### What to work on
Repeat all of the data word for word so that only the pictures are missing from the copy.
(Beginning of Information supplied)
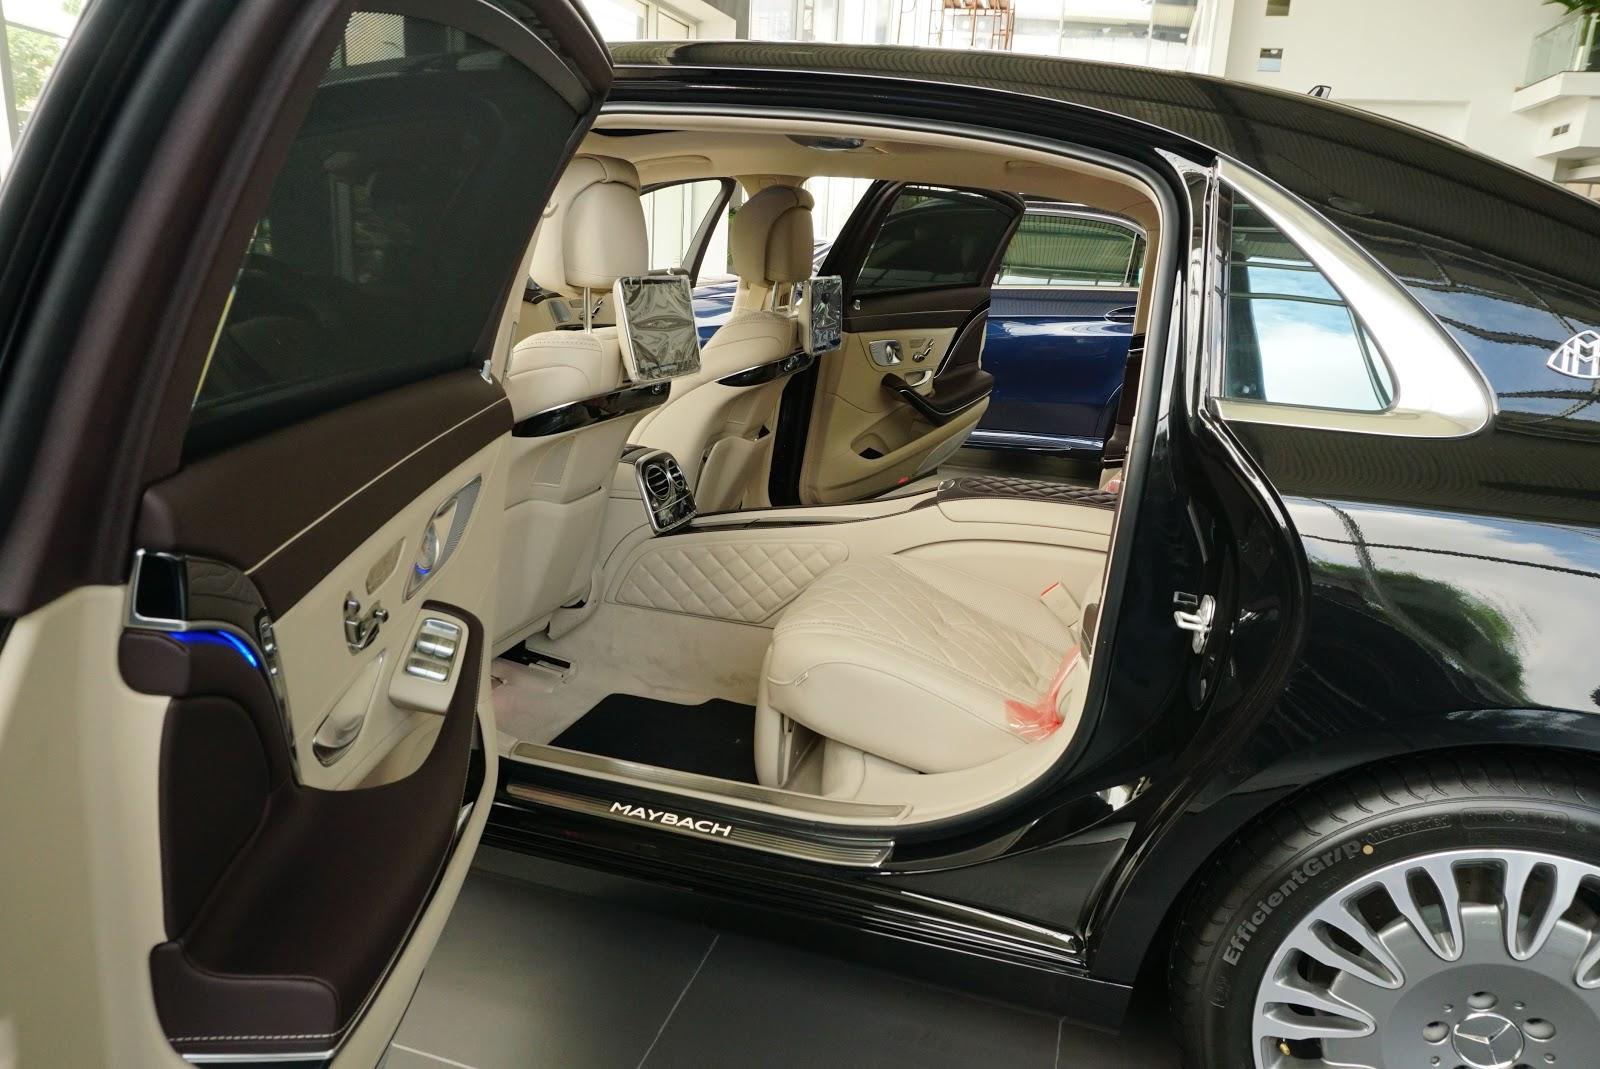 Ngoại Thất Xe Mercedes Benz S600 MAYBACH Màu Đen a09
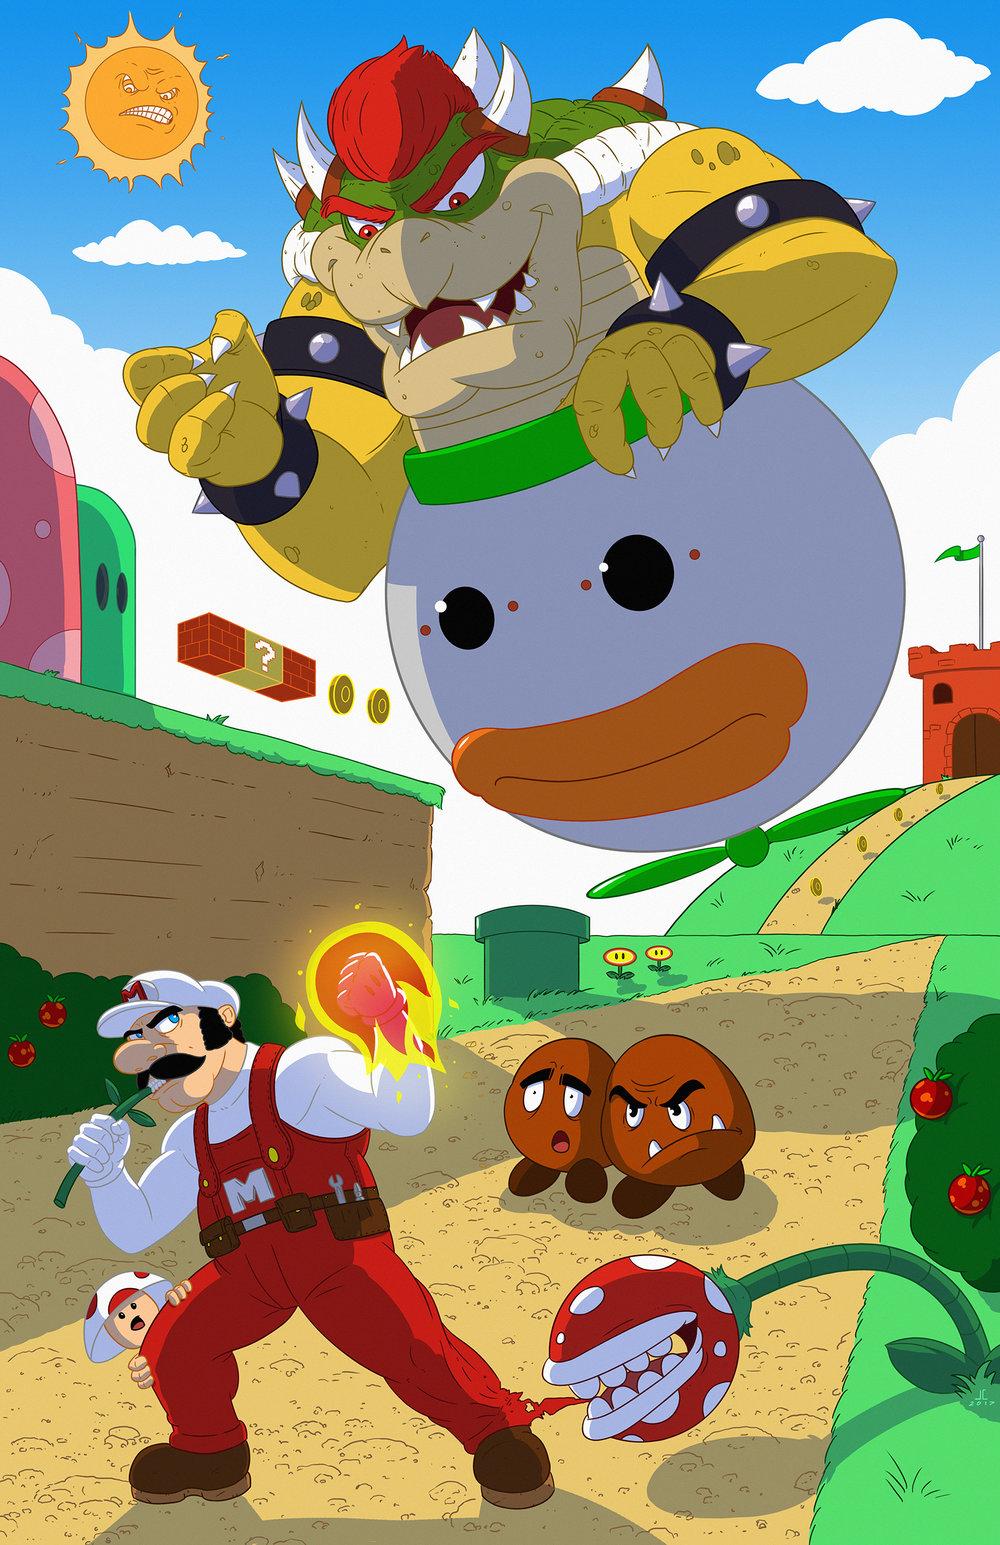 Jon-Caron-Super-Mario-Bros-Poster-Nintendo-JC-Art.jpg
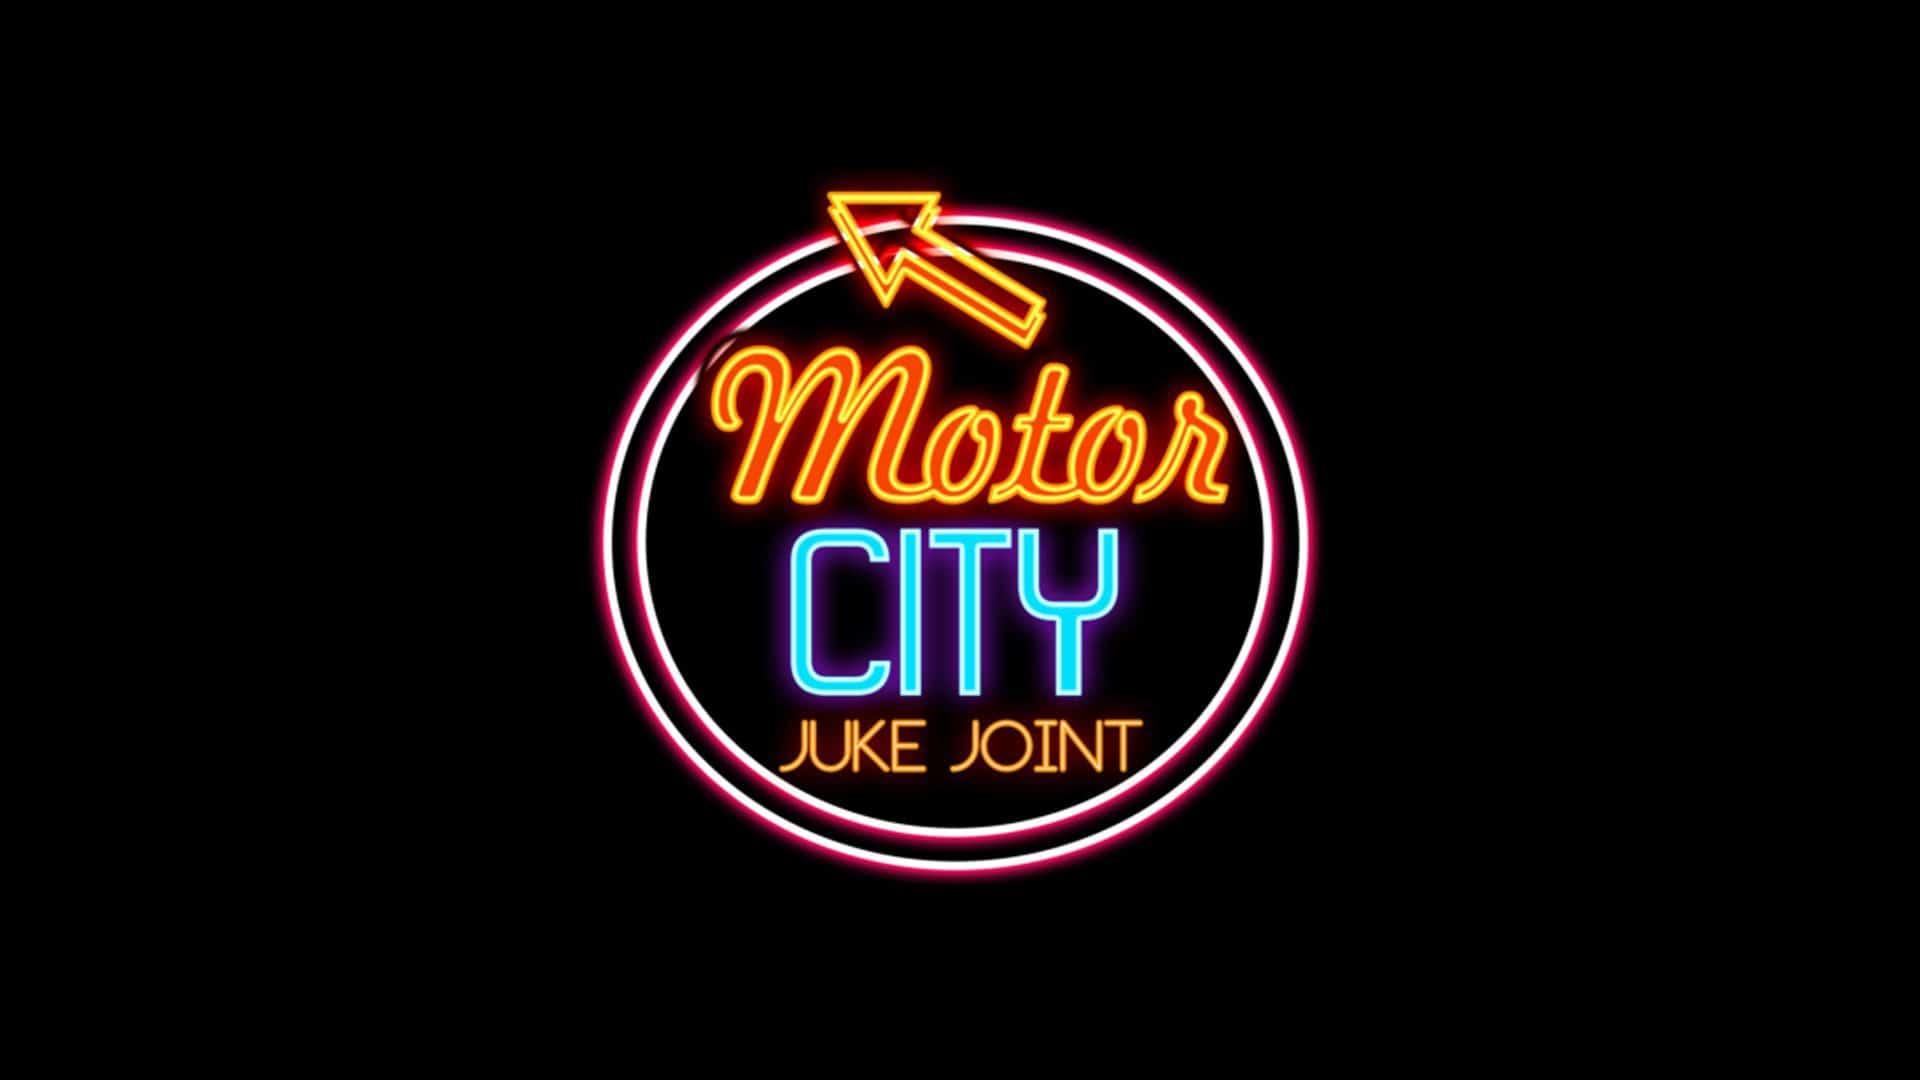 Motor City Juke Joint Episode 235
(End of Information supplied)
### Exercise response
 Ngoại Thất Xe Mercedes Benz S600 MAYBACH Màu Đen a09
 Jon-Caron-Super-Mario-Bros-Poster-Nintendo-JC-Art.jpg
 Motor City Juke Joint Episode 235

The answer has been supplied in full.